The overall pattern changes pretty drastically by this coming week, though. Overall longwave trough sets up east of the Rockies through the week, with large-scale ridging taking over the eastern Pacific & most of the western U.S., with troughing in the central Pacific amplifying our ridge between the troughs/upper-lows. 850mb temperatures drastically rise through the week and beyond, from the single digits this weekend to the 18 – 24c range by mid to late-week as the strong upper-level ridge overhead draws northward increasing warm mid-level temperatures from the south. Valley temperatures return into the upper 80s to mid-90s by mid to late-week due to this strong ridging and rapidly warming mid-level temperatures (which is also in-part due to increasing surface temperatures, not just warmer mid-level temps being ushered northward by the upper-level ridge).

224

GFS’s forecast 2-meter temperatures for Wednesday afternoon, indicating low to mid-90s across much of the lower elevations of northern and central California.

Surface temperatures rocket well out of the normal range due to this, as seen below. Troughing settling into the middle part of the country brings their temperatures down drastically, with the opposing pattern here on our side of the lower-48. That little bit of snow that fell in the sierra won’t be lasting long. In addition to the heat (for the time of year), troughs passing to the north and east of California could also mean periods of gusty/increased offshore winds, drying out the ground after the bit of precipitation we’ve received and increasing fire danger.

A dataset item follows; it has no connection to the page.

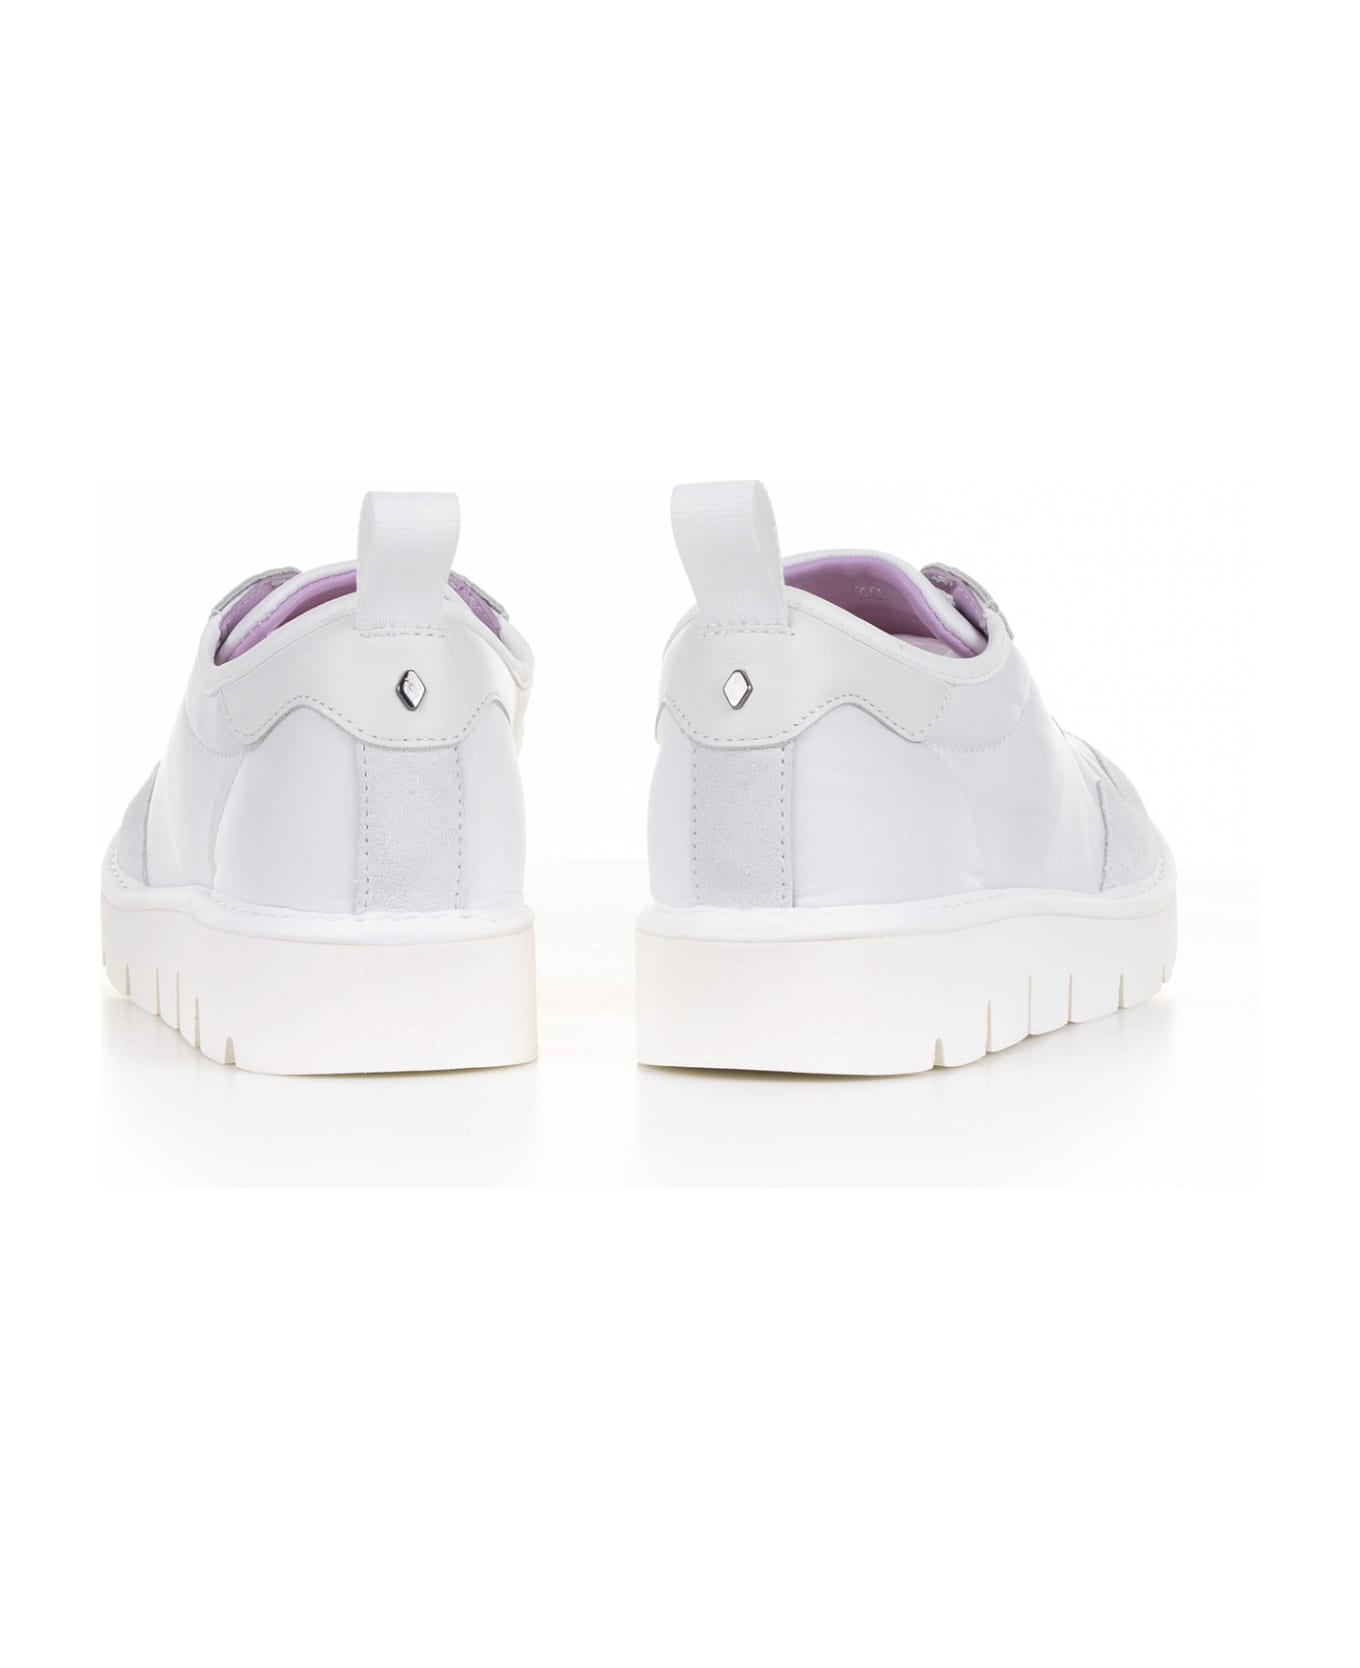 Panchic Slip On Sneakers In Nylon And Suede - WHITE スニーカー

GFS's forecast surface temperature anomalies for Saturday afternoon.

GFS’s forecast surface temperature anomalies for Saturday afternoon. Most of California sits in temperature 10 degrees above normal.

The GFS and ECMWF, along with most of their ensembles indicate this pattern continuing through at least mid-month. Now looking out 2 weeks plus is quite tricky, but this pattern has shown it’s persistence before, lasting months. We can hope for a better second half of the month, but long range models including the ECMWF-EPS weeklies and CFS indicate a below-normal month precipitation wise across California, along with above-normal temperatures. CFS wants to continue this dreaded pattern into November as well, but I don’t even trust most models more than a week typically, so we’ll see.

I’ll have a new post once the next storm shows up, which is hopefully sooner than what most long-range indications suggest.